Ordered that executive business be called on.

Health (Patient Privacy) Amendment Bill 2015

Debate resumed from 17 September 2015, on motion by Mr Rattenbury:

That this bill be agreed to in principle.

MS FITZHARRIS (Molonglo) (12.06): I would like to say a few words today about this legislation which responds to concerns about protests outside approved health facilities in the ACT that provide pregnancy terminations. This is an issue I have given careful consideration to. I am not here in this Assembly to place limitations on freedom of speech and absolutely agree that in a democracy we need to have a free debate. At the same time, free speech is not absolute and we need to be respectful of the impact words and actions can have on people in our society, particularly at a vulnerable time. To that end I believe this bill strikes the right balance and I will support it.

Its primary objective is to protect a woman's right to access abortion services in relative privacy and free from the intimidating conduct of others. Termination of pregnancy or abortion has been legal in the ACT since 2002 and is regulated like other health services provided by a medical practitioner to their patients.

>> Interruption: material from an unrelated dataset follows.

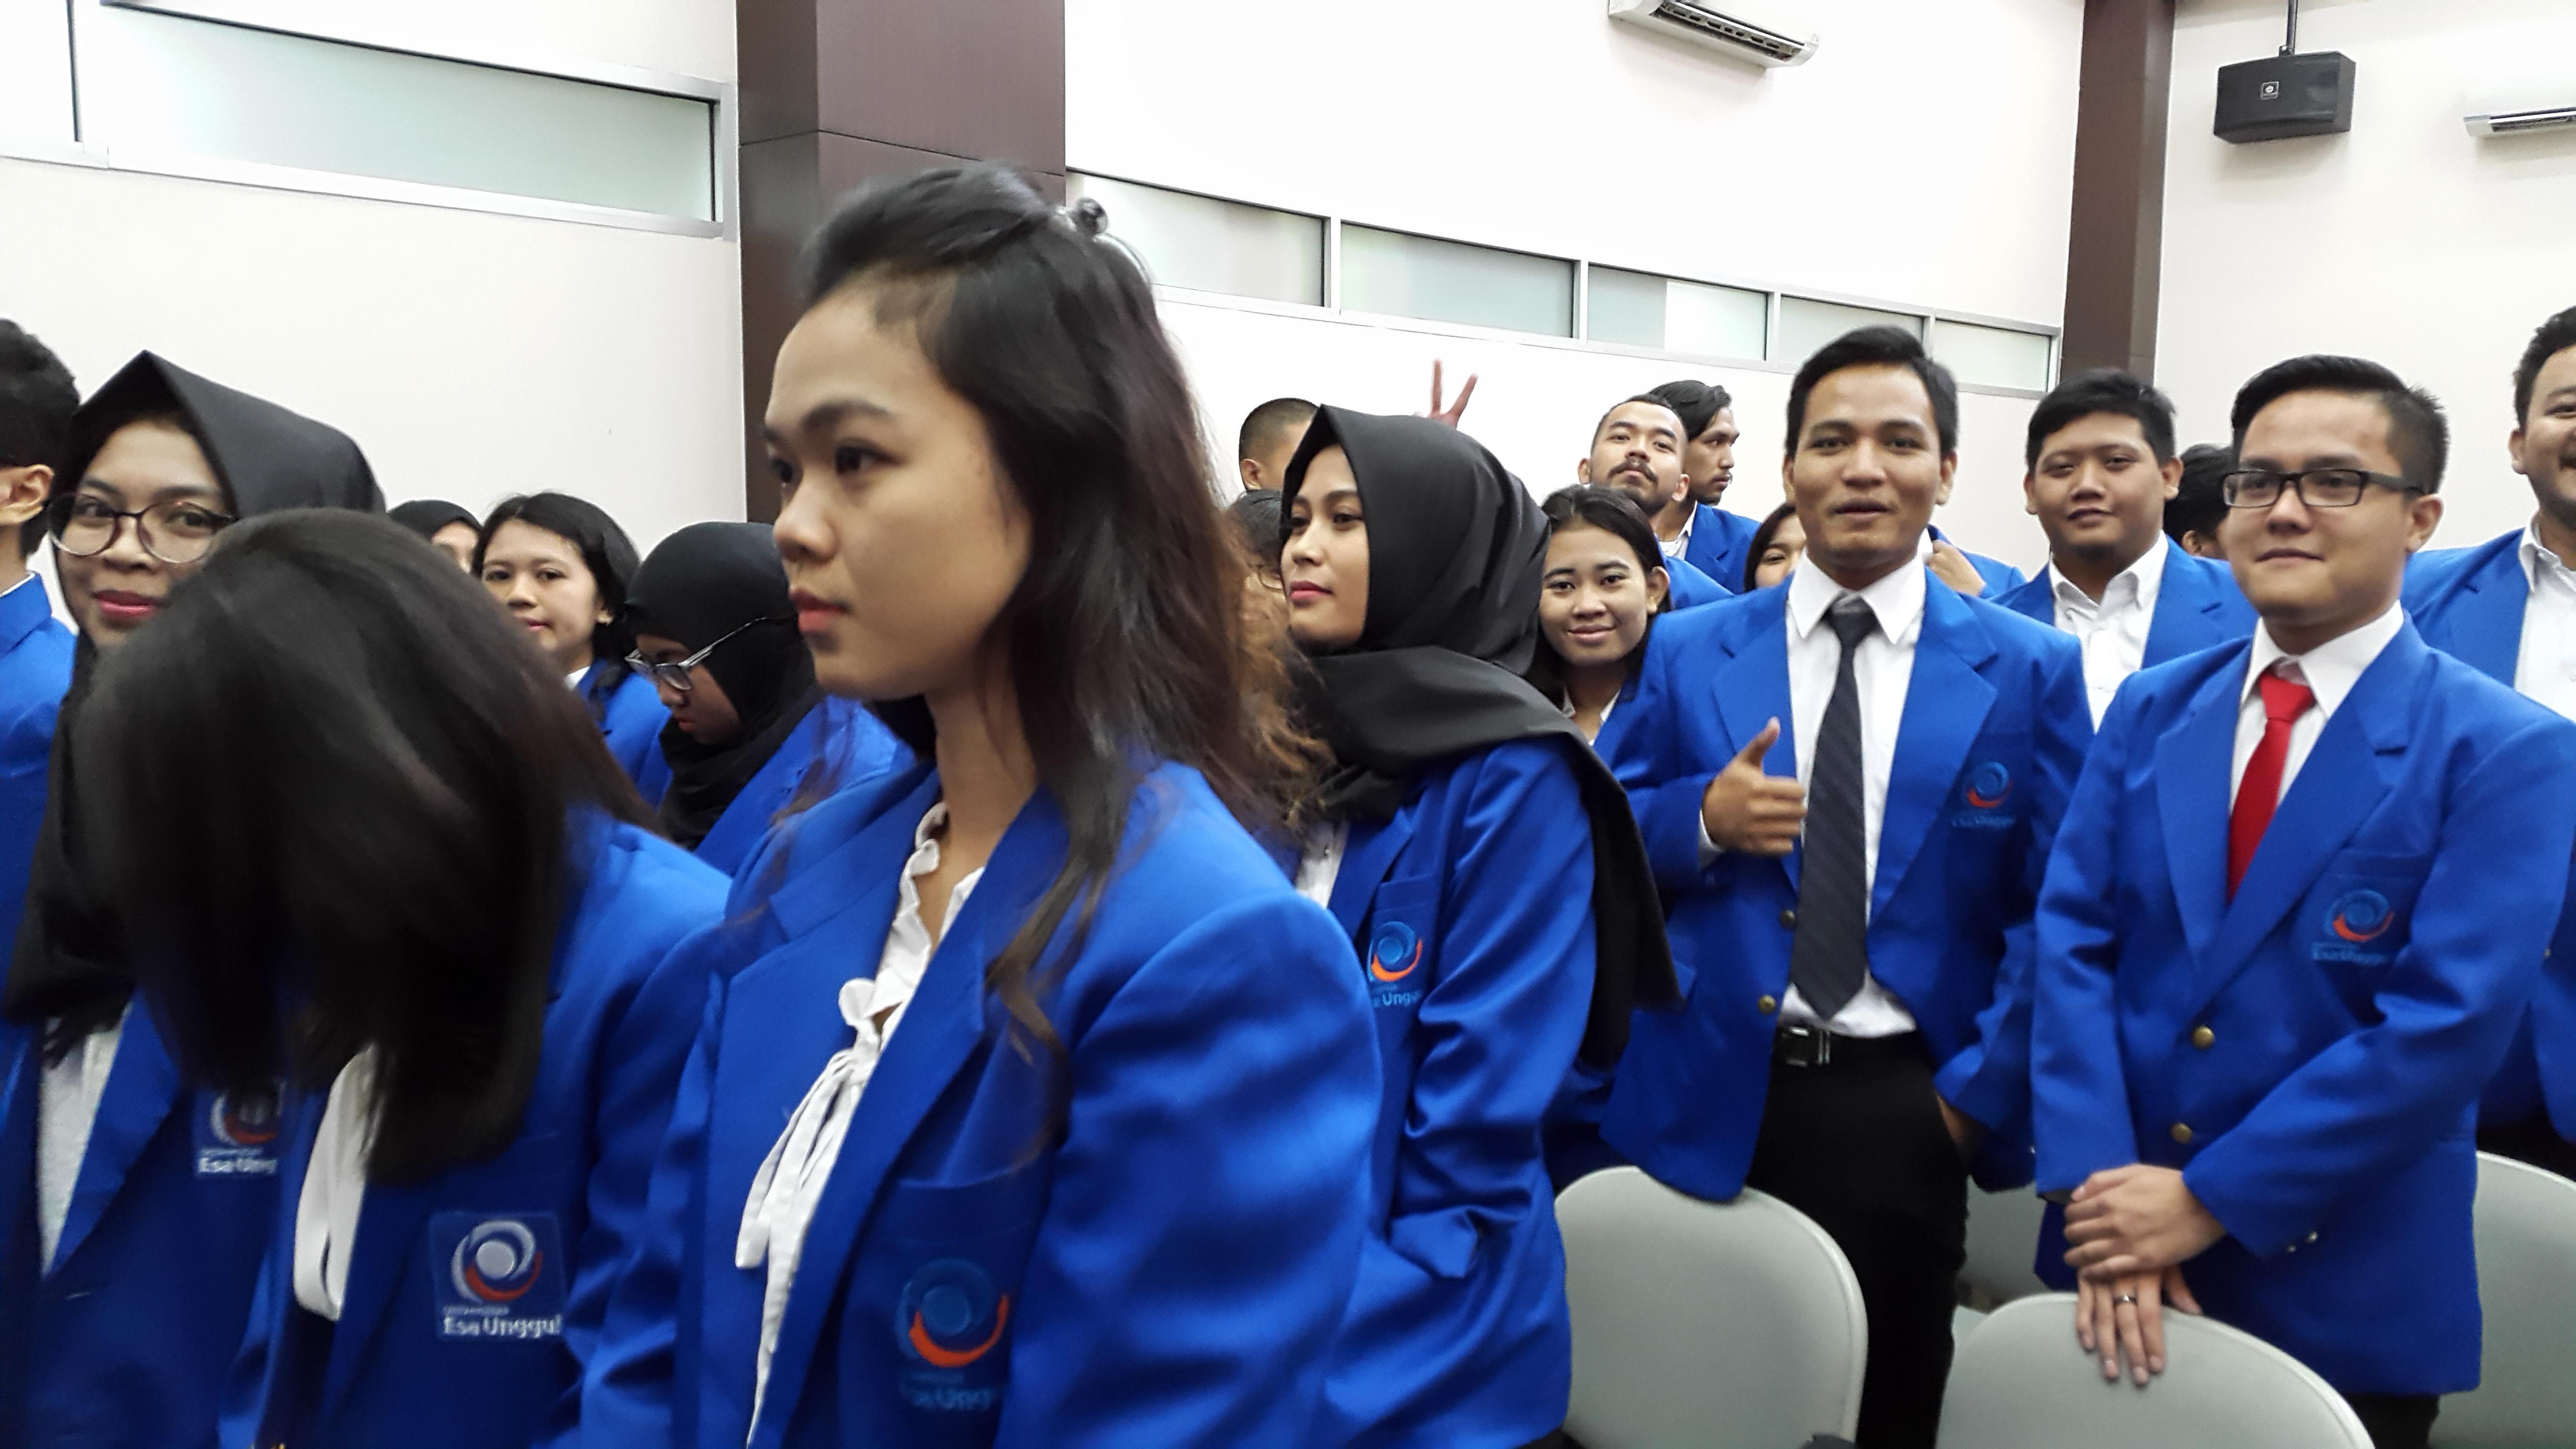 Beasiswa Penuh Kuliah S1 Jakarta – Universitas Esa Unggul (UEU)

It should be noted that the bill does not target protest itself and indeed there are many more appropriate places to protest and stage vigils than directly outside a health service.

The limitations created by this bill are very minor and site-specific and do not interfere with a person's more general right to protest in person or in other methods in relation to abortion. Nor does the bill interfere with any person's ability to make their objections known to others in the community, such as law makers. Furthermore, the limitations apply only during a defined period of time. I think we need to consider that it not just women using such services who can feel intimidated. It is also their partners or families and friends, the staff and other people who work in the buildings who should be able to walk into these buildings free from prejudice.

On the issue of freedom of speech, the bill creates a minor limitation on a person's right to freedom of expression. But this limitation is reasonable and demonstrably justified in a free and democratic society, consistent with the requirements of section 28 of the Human Rights Act.

I am aware that there are two sides to this debate and understand some people in our community believe they are performing an important service. But we already have a range of services available to women who are struggling with these types of decisions and the staff who work in these services are compassionate and trained to offer women the support they need.